While petitioner has the right to appeal such suspension, the scope of review on that appeal is limited to determining whether the driver had been convicted and whether the secretary properly computed the points against him and applied mandatory provisions of the code: Virnelson Motor Vehicle Operator License Case, 212 Pa. Superior Ct. 359, 243 A.2d *98464 (1968); Wall Motor Vehicle Operator License Case, 212 Pa. Superior Ct. 376, 243 A.2d 475 (1968). Accordingly, our decision must turn on whether or not the secretary properly computed the point record of petitioner. Two sections of the code are involved in this case: sections 619.l(j) and 619.l(m). Section 619. l(j) provides “Except as provided in subsection (in) of this section, points recorded against any person shall be removed from the date of last conviction at the rate of two (2) for each year in which such person is not convicted of any violation of the laws of the Commonwealth relating to vehicles or tractors.” (Italics supplied.)
Section 619. l(m) provides:
“Upon the restoration of driving privileges of any person whose operator’s license or learner’s permit has been suspended pursuant to this act, such person’s record shall show five (5) points and from the date of restoration such points shall be removed from his record at the rate of two (2) each year, as provided in subsection (j).”

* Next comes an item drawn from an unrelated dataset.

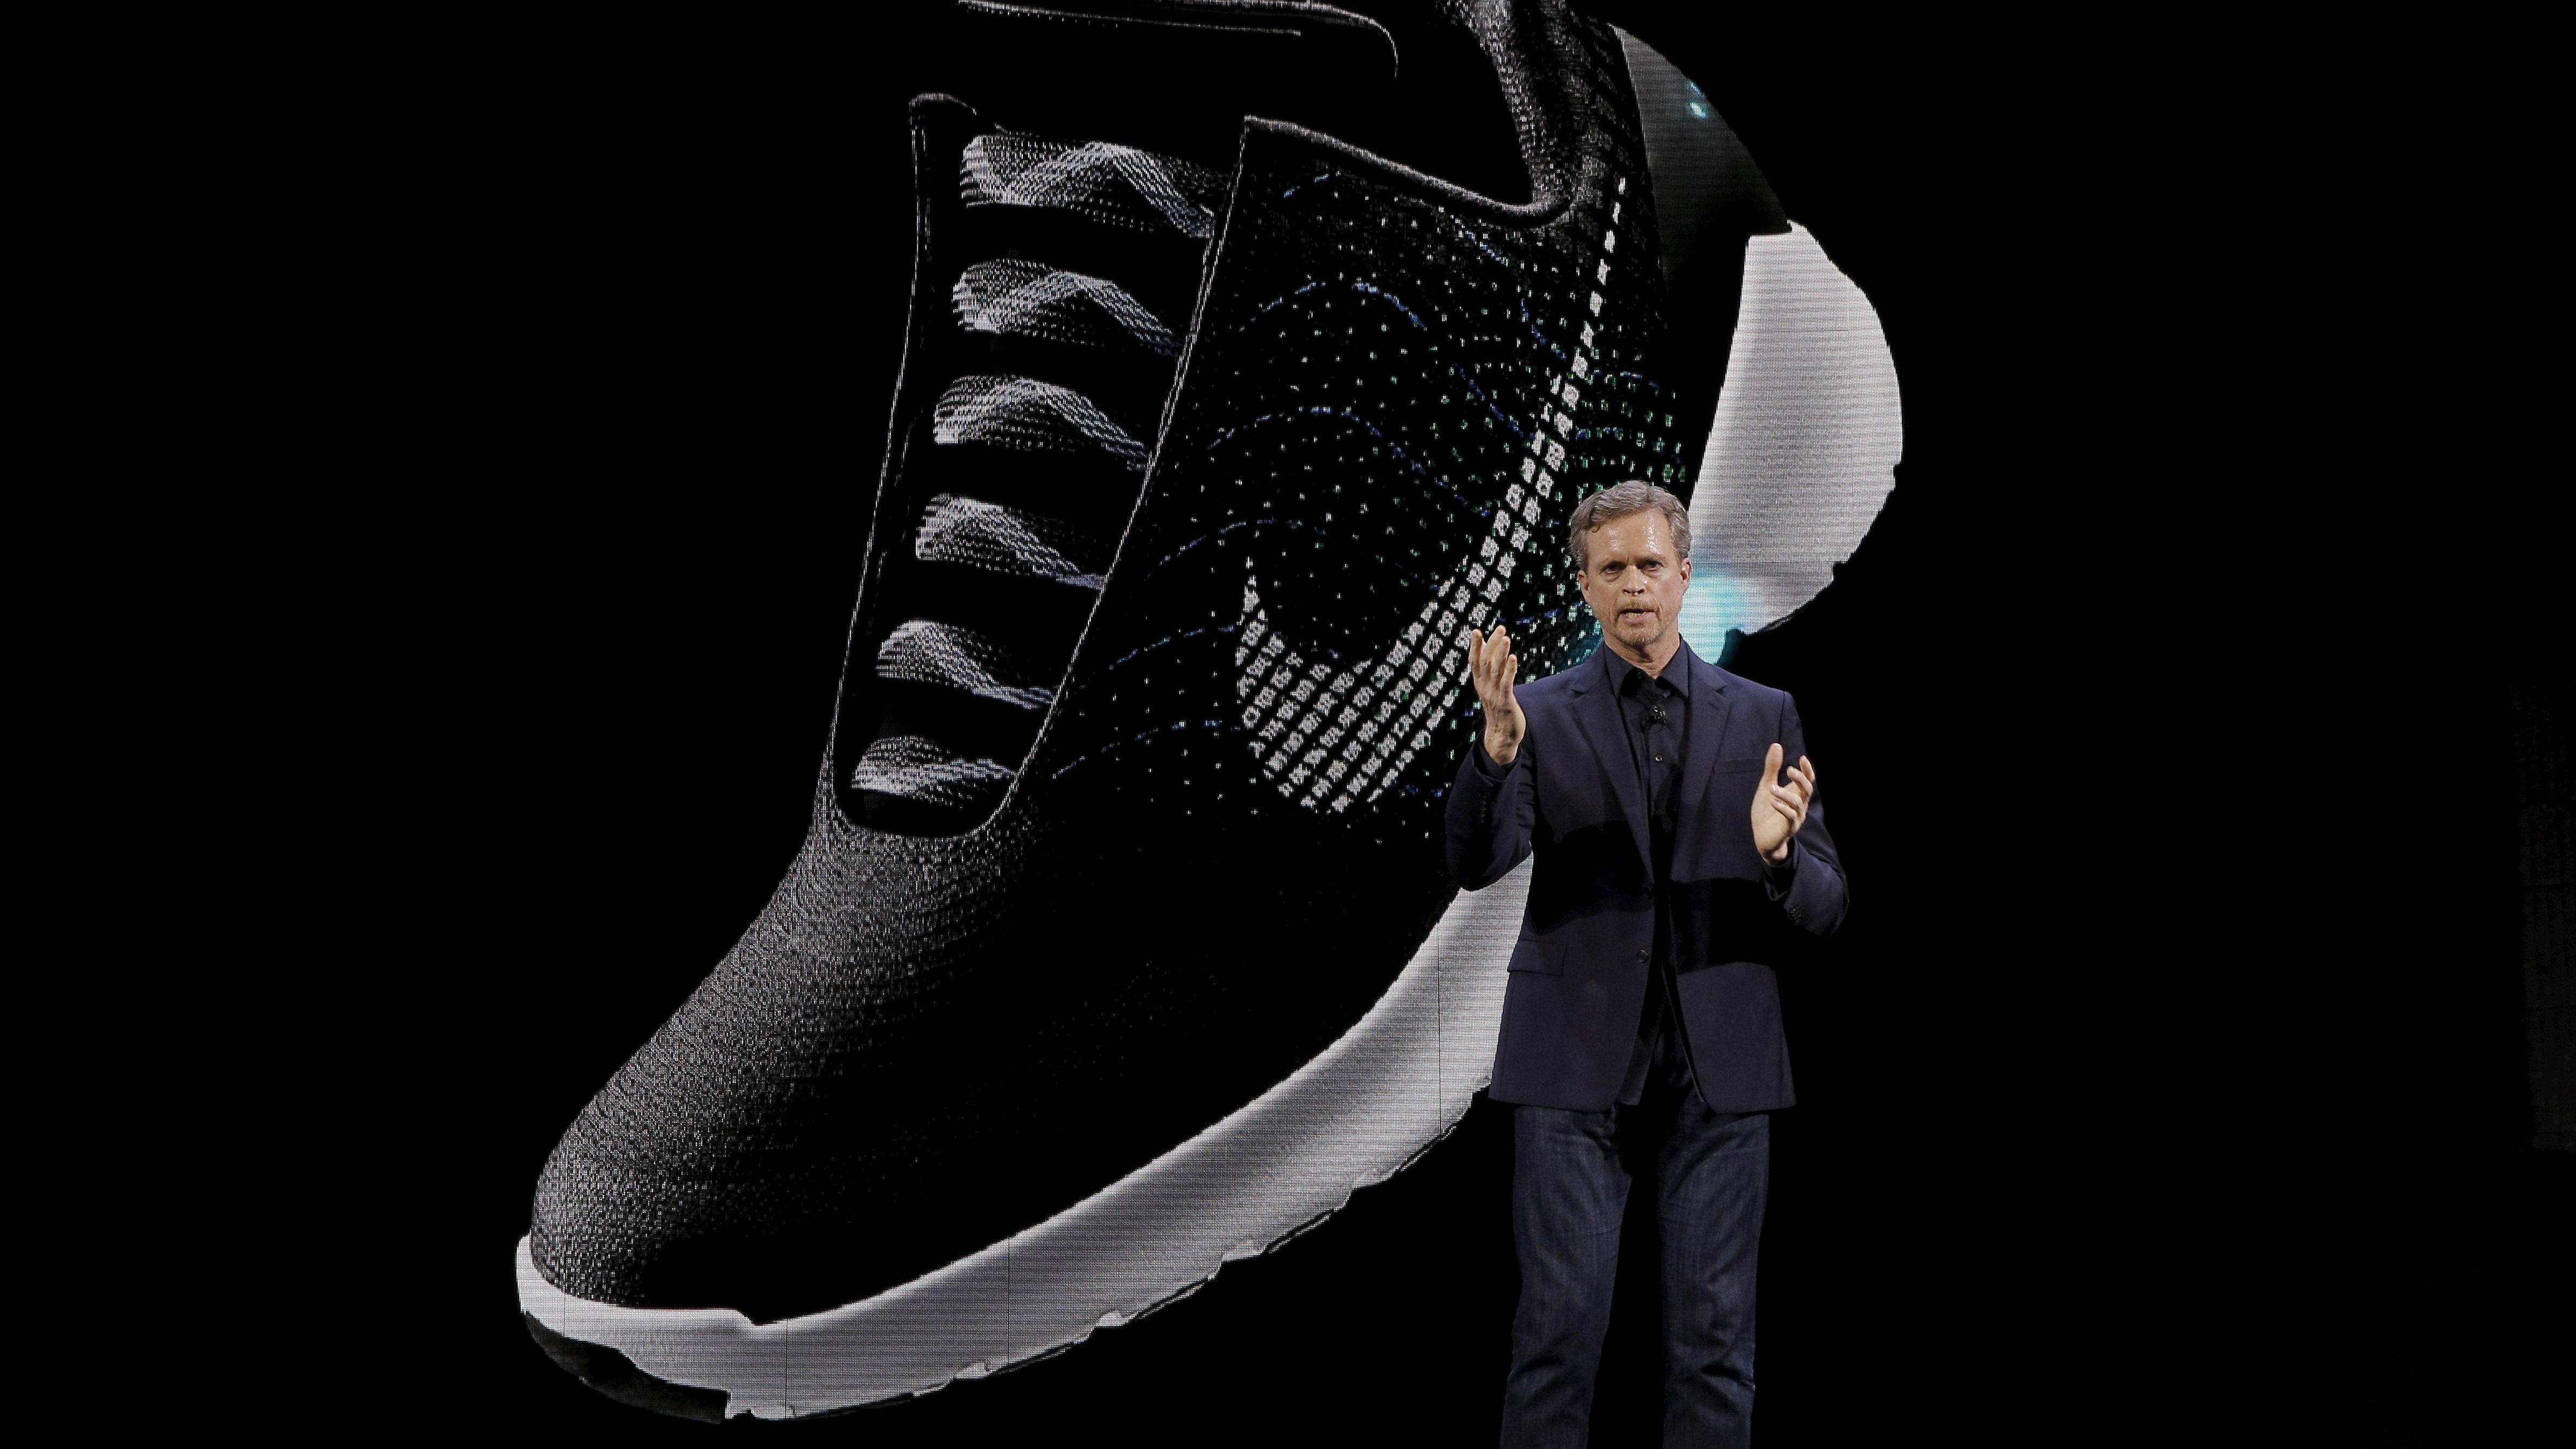 The Nike HyperAdapt 1.0 self-lacing shoe is displayed as Nike CEO Mark  Parker speaks 866296792213

Petitioner does not argue that the assessment of points for violation was in error, but that the secretary failed to give him proper credits. Petitioner’s record showed a conviction in November of 1966 and the next conviction occurred in October of 1970, thereby showing three full years where there were no violations. On this basis, petitioner claims that the secretary should have credited six points to his record, reducing it to zero, rather than five points on the restoration on October 10, 1970. However, such a result would be contrary to section 619. l(m), previously quoted, to the effect that on the restoration of driving privileges, the operator’s record shall show five points. We believe that section (m) must supersede section (j): Commonwealth v. Yodock, 42 Northumb. L. J. 91 *99(1970). This court finds then, after a review of the record, that the secretary was justified in his action in suspending the operating privileges of petitioner. Thus, we make the following
ORDER
And now, to wit, March 27, 1972, the appeal is dismissed, and the action of the secretary in suspending the operating privileges of Peter R. McKeown for a period of 60 days is affirmed and said suspension is reinstated.